Content starts

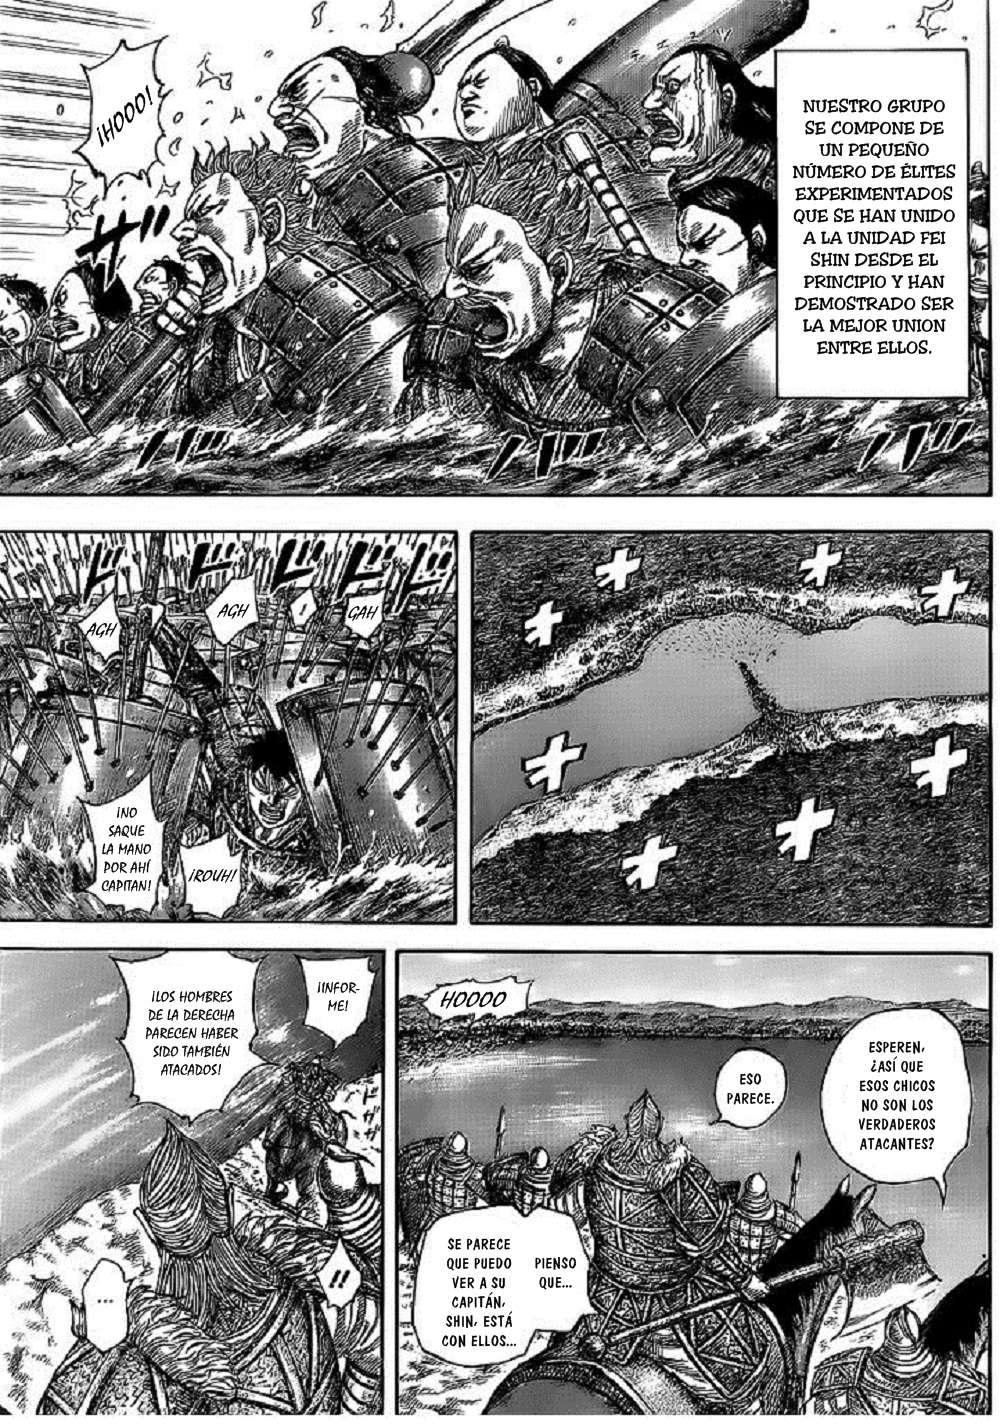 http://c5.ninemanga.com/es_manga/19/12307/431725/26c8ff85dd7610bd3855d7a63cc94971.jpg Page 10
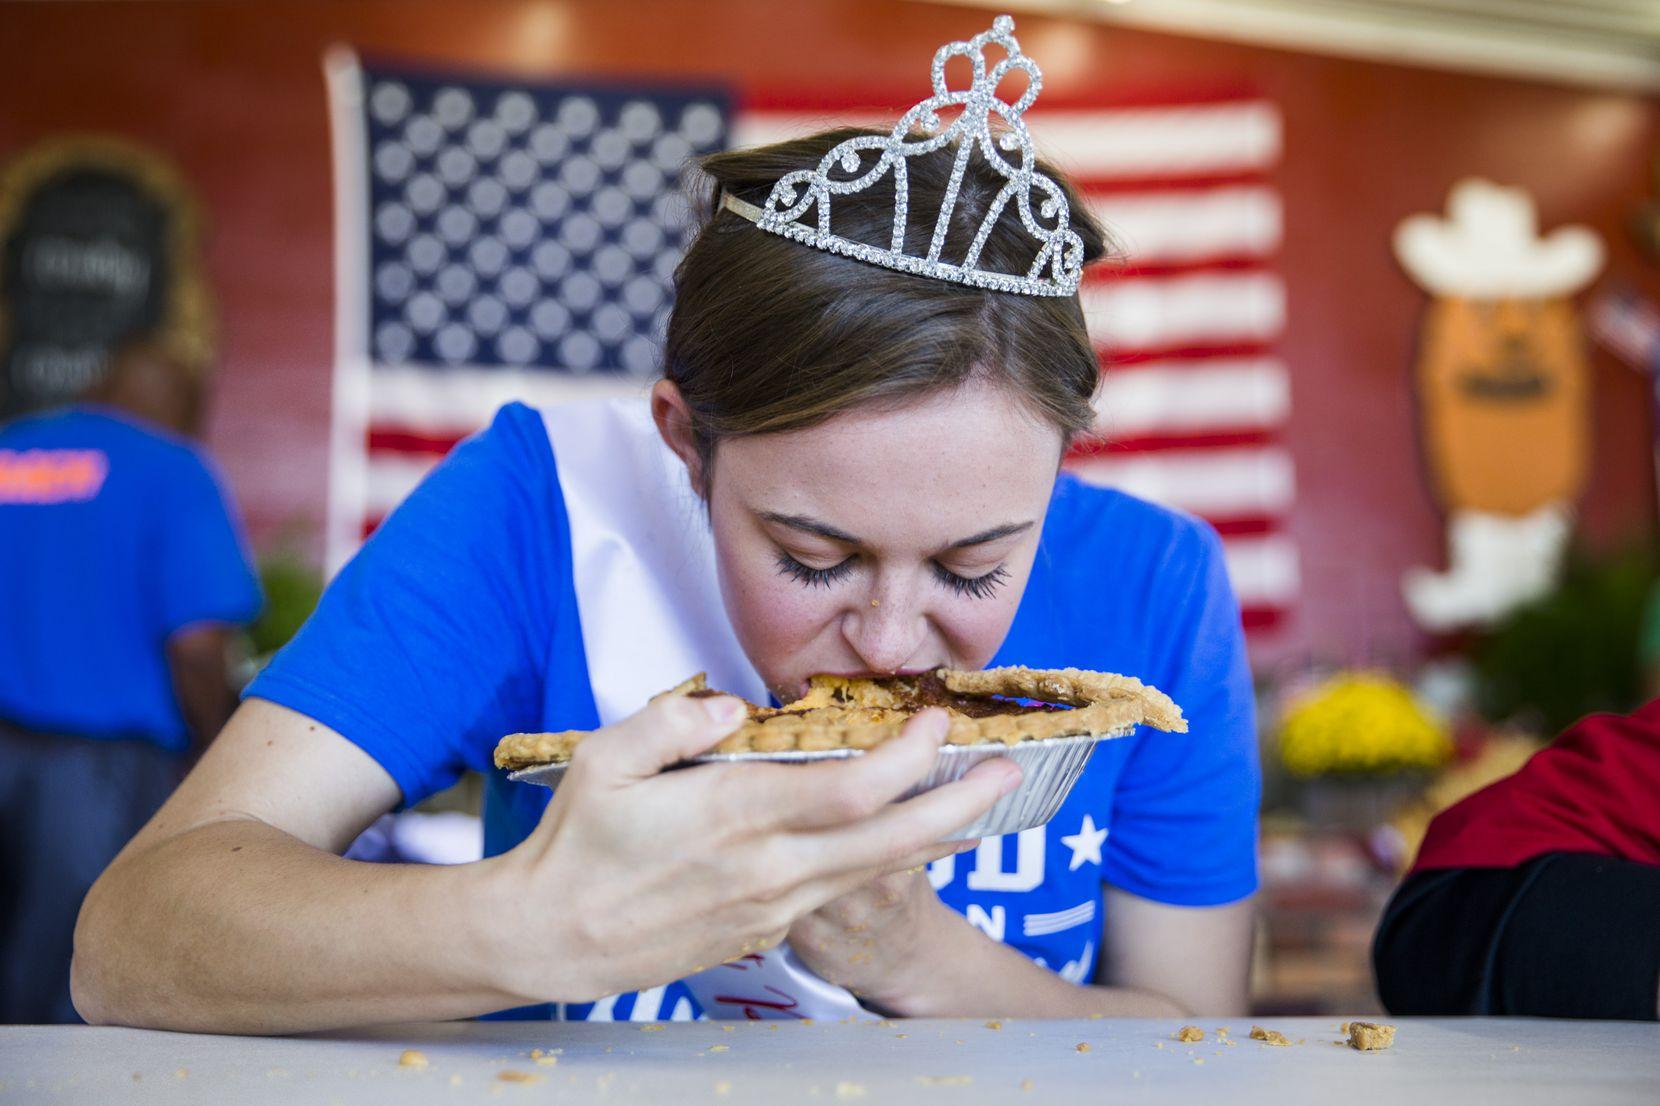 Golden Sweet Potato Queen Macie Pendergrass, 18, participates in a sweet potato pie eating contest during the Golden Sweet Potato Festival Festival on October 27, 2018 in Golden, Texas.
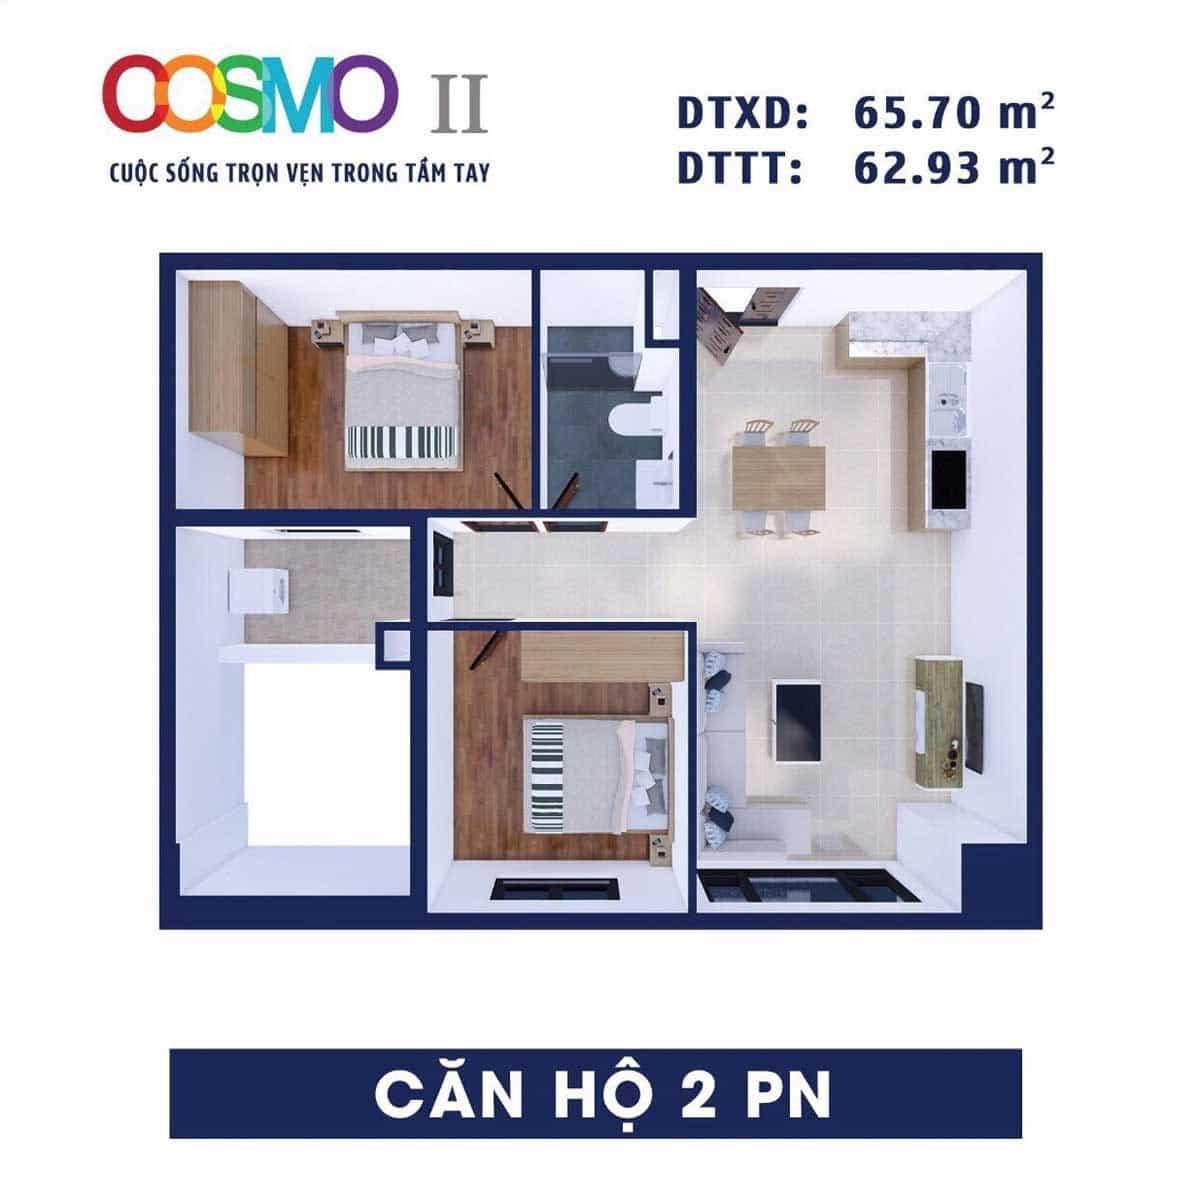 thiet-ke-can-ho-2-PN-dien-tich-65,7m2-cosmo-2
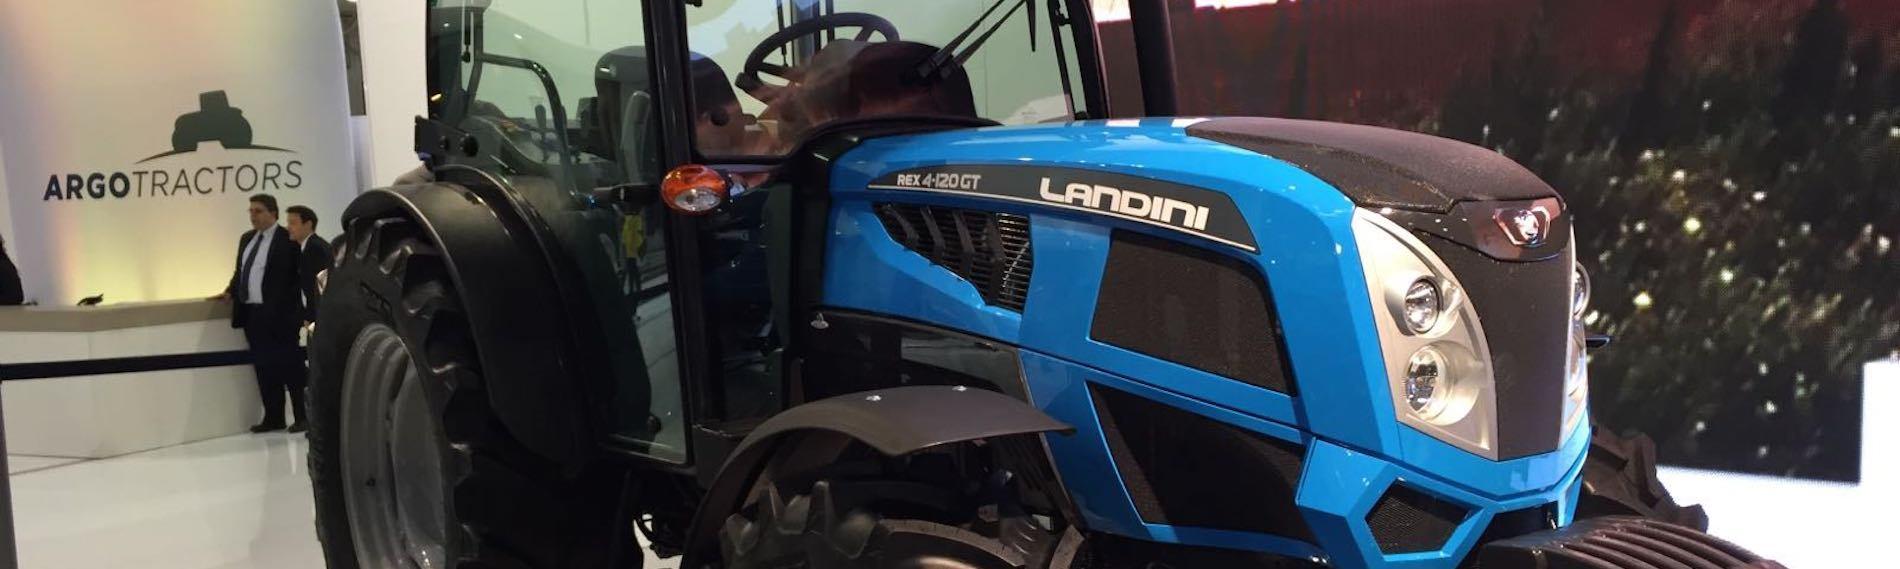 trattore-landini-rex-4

Content ends

- Aim of the task -
All of the data should come back exactly as written, but without pictures.

- Answer space -
 http://c5.ninemanga.com/es_manga/19/12307/431725/26c8ff85dd7610bd3855d7a63cc94971.jpg Page 10
 Golden Sweet Potato Queen Macie Pendergrass, 18, participates in a sweet potato pie eating contest during the Golden Sweet Potato Festival Festival on October 27, 2018 in Golden, Texas.
 thiet-ke-can-ho-2-PN-dien-tich-65,7m2-cosmo-2
 trattore-landini-rex-4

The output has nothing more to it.